A victims law presents a unique opportunity to protect rape victims from the ordeal of having their sexual history dragged through the courts. Does the Minister deny there is a problem, or will he, at the very least, commit to including this issue in the forthcoming consultation?

My hon. Friend the Member for Barnsley East (Stephanie Peacock) mentioned mental health. The strategy makes little mention of the mental health trauma most victims experience after their ordeal and the long-lasting effects it has on their lives. One third of forensic physicians who support victims after a sexual assault say accessibility to mental health provision is poor, so they cannot always refer victims to the help they desperately need. The Victims’ Commissioner for London talks about rape and sexual violence victims who have been left unsupported on waiting lists for six months or more after unimaginable trauma. The Government need to guarantee victims’ decent mental health provision by law and fund it adequately, not as a Cinderella service. Can the Minister give me some reassurance on that today?

The Conservative party claims that austerity is over. Can the Minister confirm that a number of spending pledges in the victims strategy, on which I have sought clarification through written questions, such as the £18.8 million for domestic abuse accommodation services and £8 million to support children who witness domestic abuse, are not in fact additional funding commitments but money shifted from elsewhere in existing budgets? Will he tell us which other areas and services will lose out as a result?

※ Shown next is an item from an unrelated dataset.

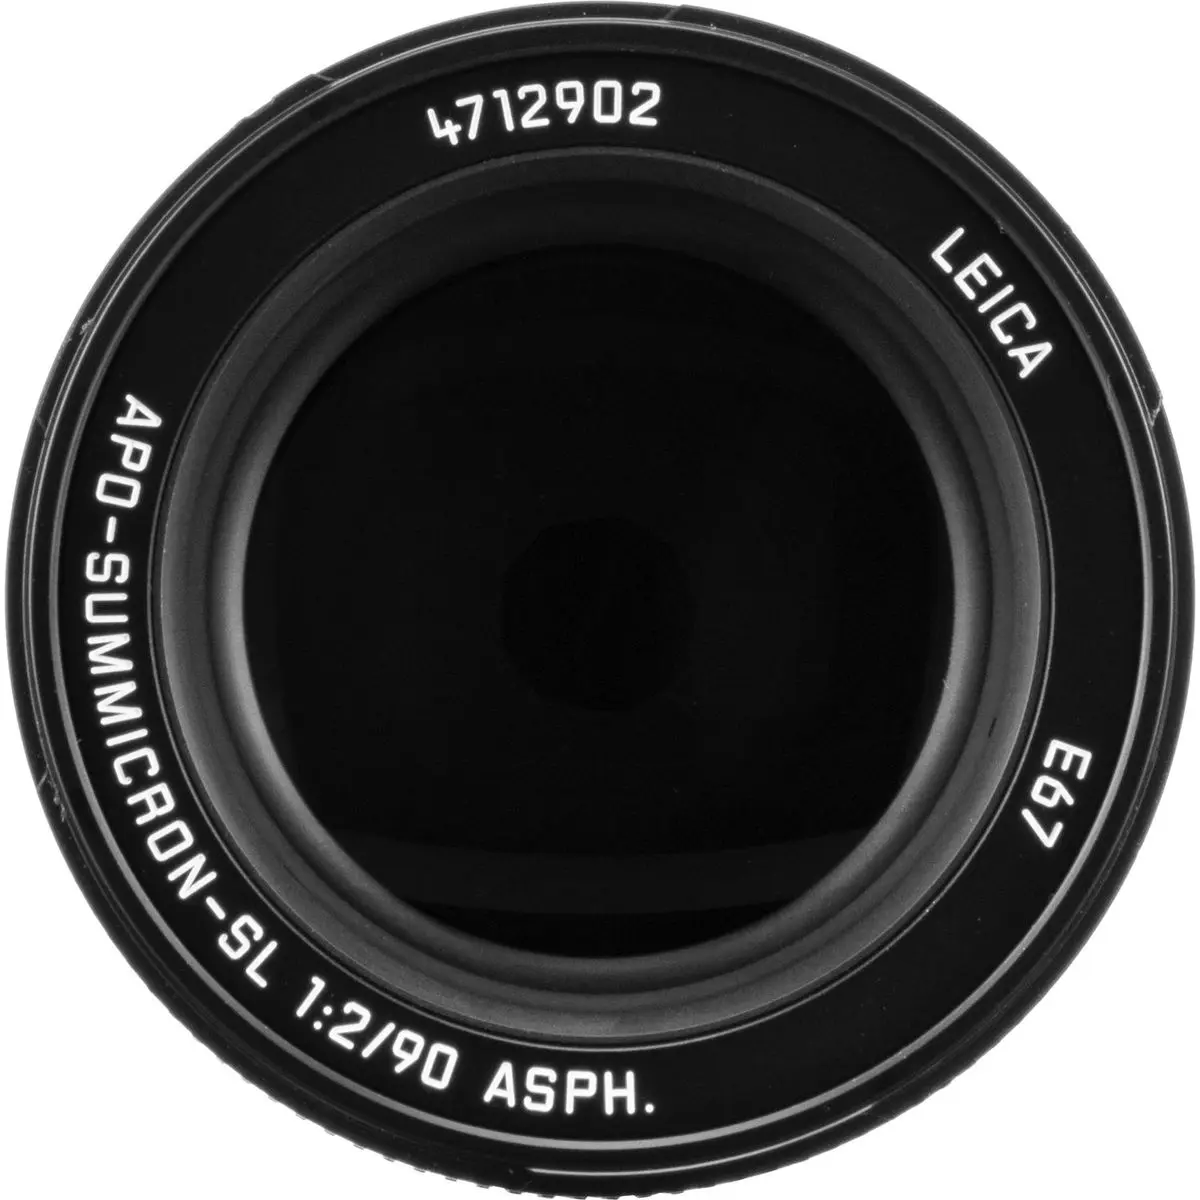 5. Leica APO-Summicron-SL 90mm f/2 ASPH (11179) Lens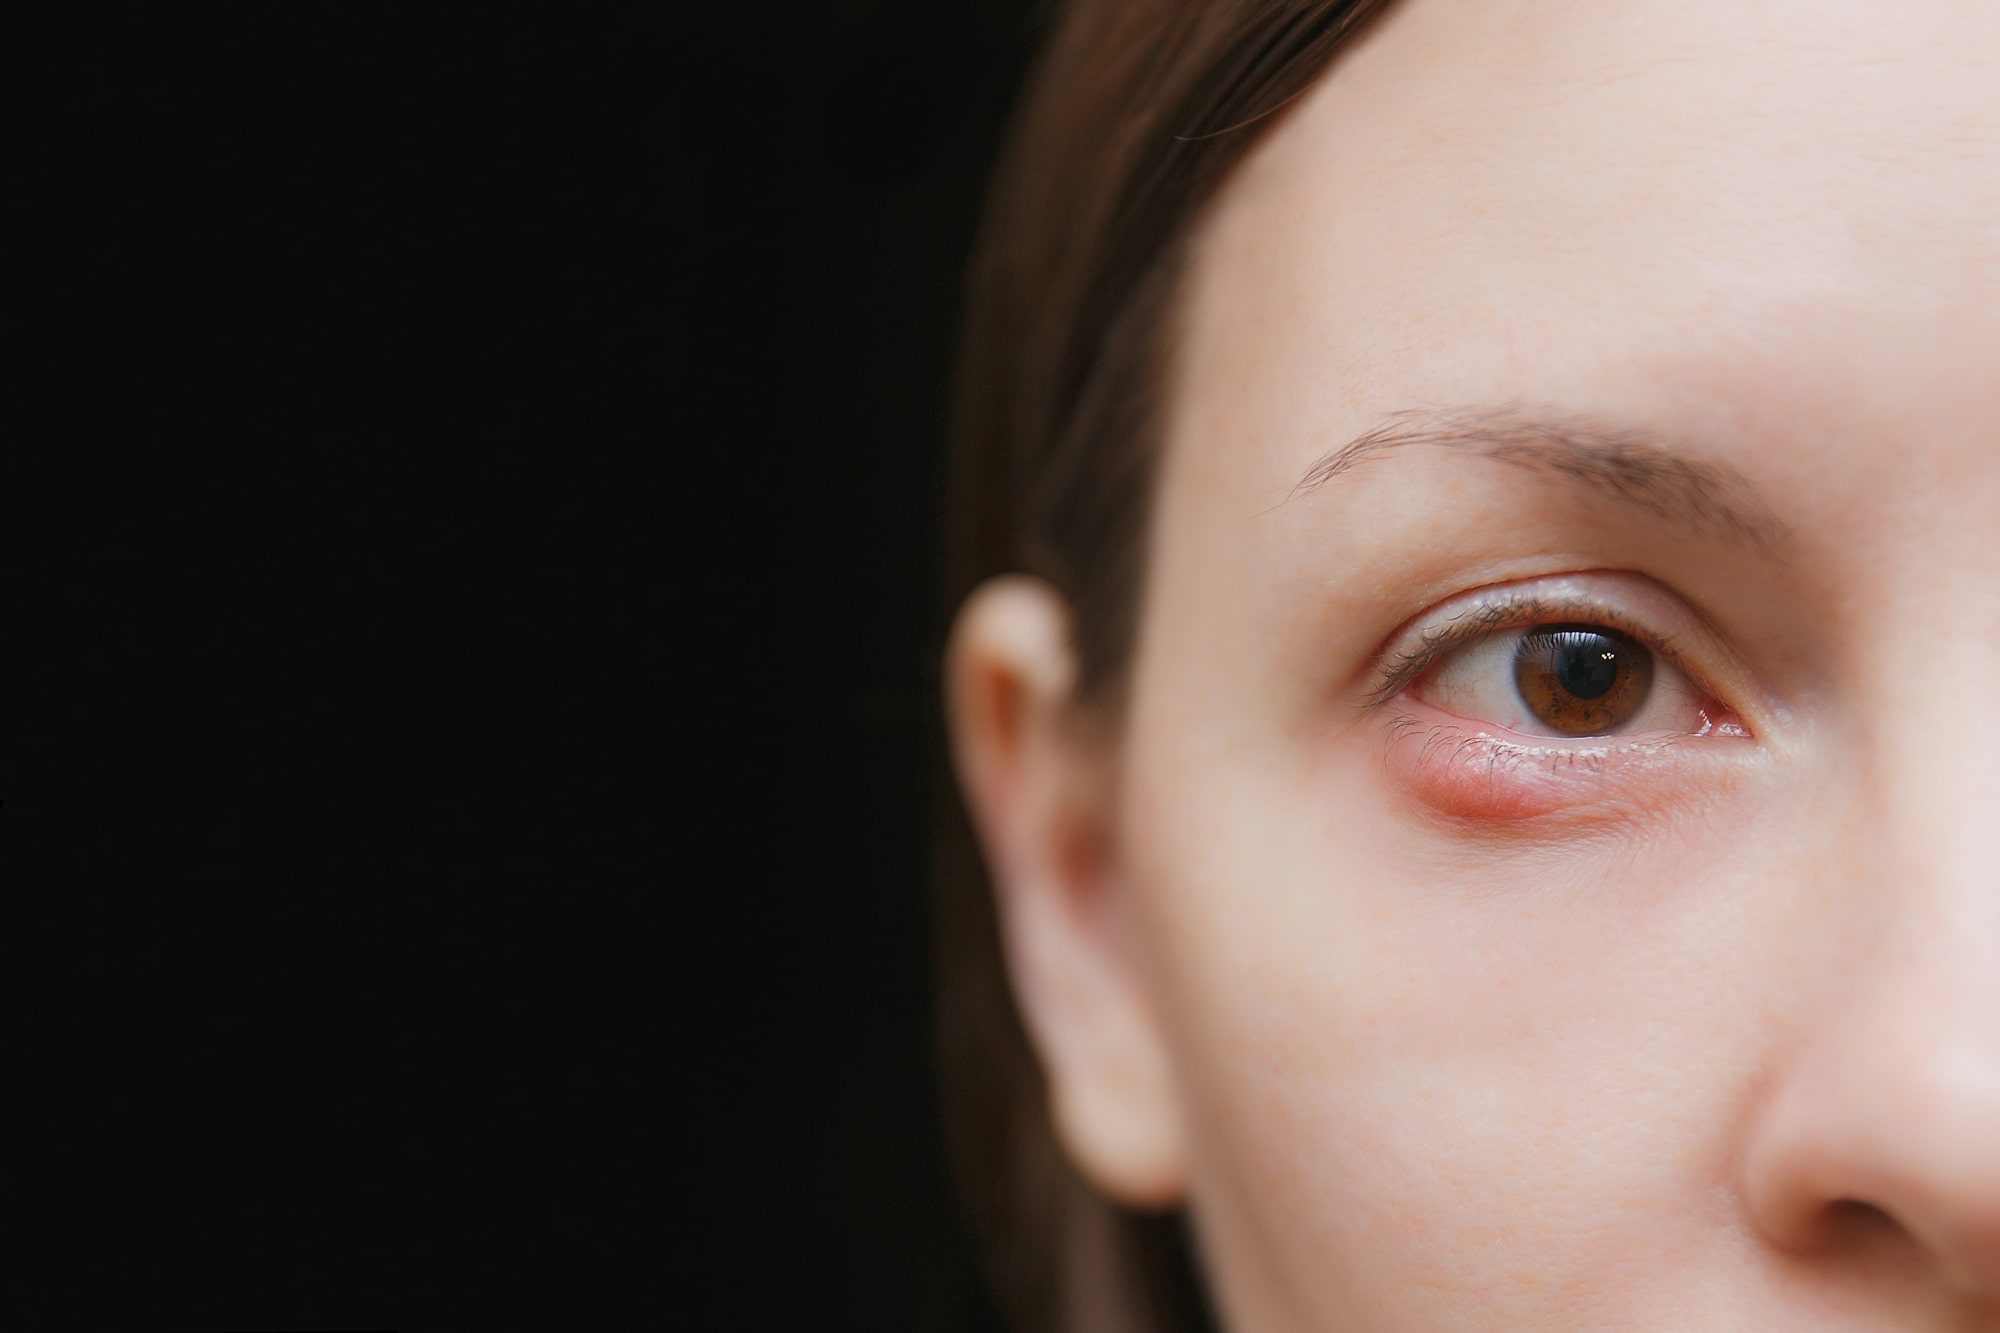 Ječmenac na oku– koji su uzroci, simptomi i liječenje?

What about the personal finances of victims? I recently had a harrowing conversation with a woman whose husband was given a 16-year sentence for her attempted murder. She is now having to pay enormous legal fees to divorce him, knowing that he is likely to be entitled to some of her money, her pension and her home. Where is the justice in that? When two women a week are murdered by a partner, this is no small problem. This absurd situation cannot be allowed to continue. The presumption must be that there is a loss of financial entitlement, enforced by law, in all but the most exceptional cases of murder or attempted murder of a spouse. Will the Minister commit to legislation that strips attempted murderers of their spousal rights, which they surely forfeited when inflicting such brutal damage on their partner? I hope Government Ministers will work with us to amend the law and ensure that this obvious injustice is ended.

Other victims who feel that perpetrators have got off far too lightly include the families of people killed on our roads. In 2014, 25-year-old Joseph Brown-Lartey was tragically killed in Rochdale by a reckless motorist driving at 80 miles per hour in a 30 miles per hour speed limit zone. The offender was sentenced to six years in jail and was released after just three. The family of this young person with so much to live for are rightly furious that this driver can walk free while they are left to grieve. It is almost a year to the day since the Government committed to increasing the maximum sentence for causing death by dangerous driving, yet the families of those killed are still waiting for changes. Will the Government tell us when we can expect those increases to come forward?

There is no Government commitment to introducing an independent violence advocate to support victims as they recover and seek justice. Victims should not have to navigate an extremely complex system alone. Will the Minister agree with me and the Victims’ Commissioner for London, and commit to that in the new strategy?

As the Victims’ Commissioner, Baroness Newlove, has said, victims should not have to fight their own corner. This strategy, although it does contain positive measures, leaves far too much to be desired for victims, who will still feel on their own under this Government. It is time for real action by passing a proper victims law.